Genetic heterogeneity model using simulated short reads
Normally bacterial genome sequencing is carried out using cells derived from a single colony. If the culture is pure, it is expected that all the members of the population will display identical variations as compared to the reference genome with consensus base ratio near 1. On the other hand if the population contains more than one type of bacteria, then some members will show variations while rest will be identical to the reference sequence. These are rare variations. Relative level of a rare variant depends on the nature of the population that is the level of mixing of different genotypes. Here we tried to model the major and minor variations in a population using short read data generated by simulation.
Let the number of reads generated from CDC1551 be “m”. So, 80% of the genome will have approximately 0.8 x m reads.
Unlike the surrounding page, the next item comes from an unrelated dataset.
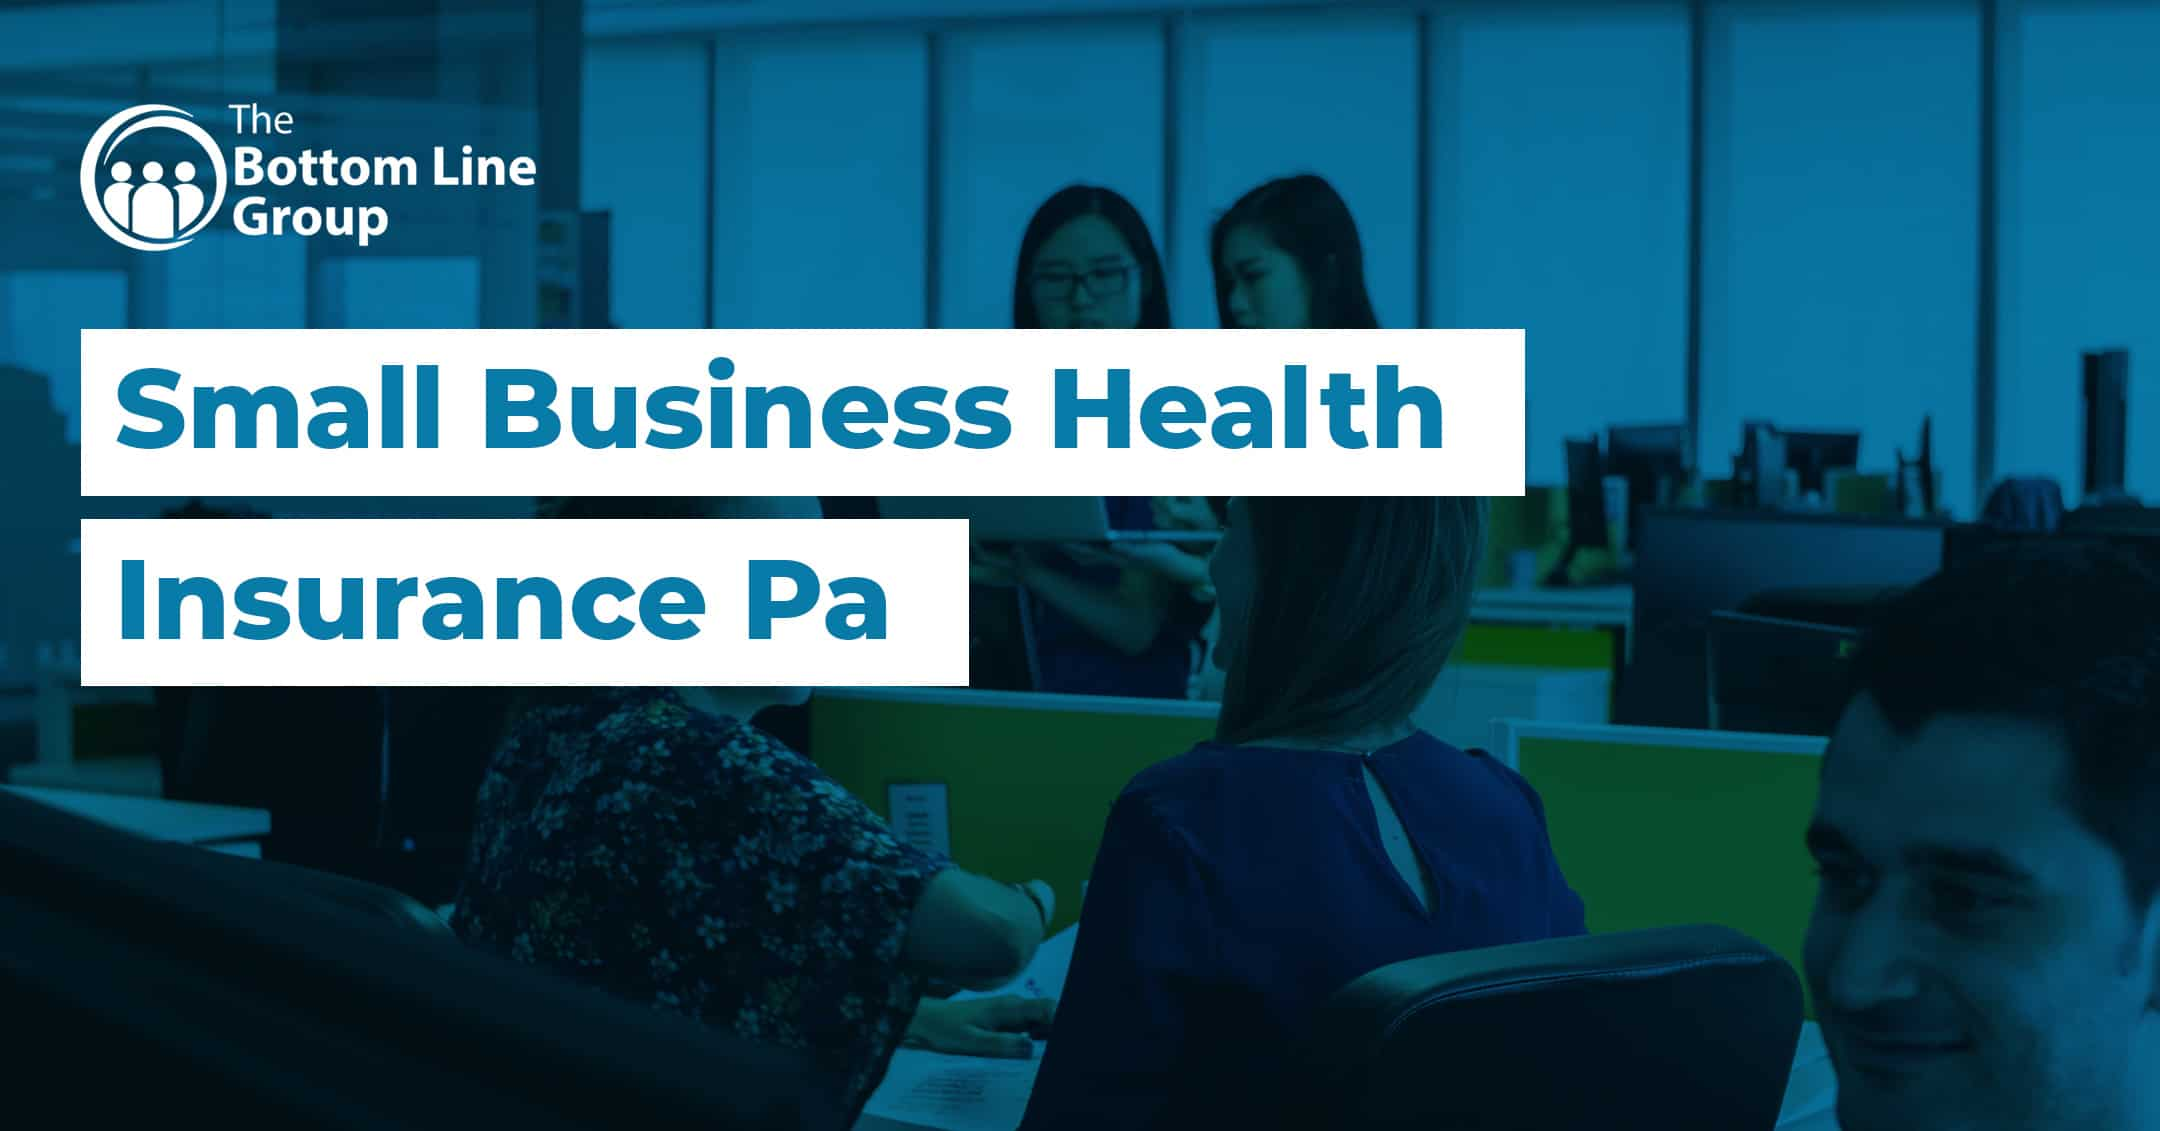 56-(Small-Business-Health-Insurance-Pa)1

Now if (0.8 x m)/9 reads from 80% of H37Rv are mixed with these, 80% of tuberculosis genome will be represented by reads from CDC1551 and H37Rv in 9:1 ratio. Similarly 15, 3, 2 and 1% of the genome were represented by 8:2,7:3,6:4 and 5:5 reads from CDC1551 and H37Rv respectively. And then all the reads were aligned with the reference M. tuberculosis CDC1551 by bowtie 0.12.7 . After the alignment, randomly generated SNVs would show up as major variations while SNVs unique to H37Rv as rare variants.
The distribution of consensus base ratio in extra-pulmonary isolates and that in simulated data are plotted together (See Figure 5).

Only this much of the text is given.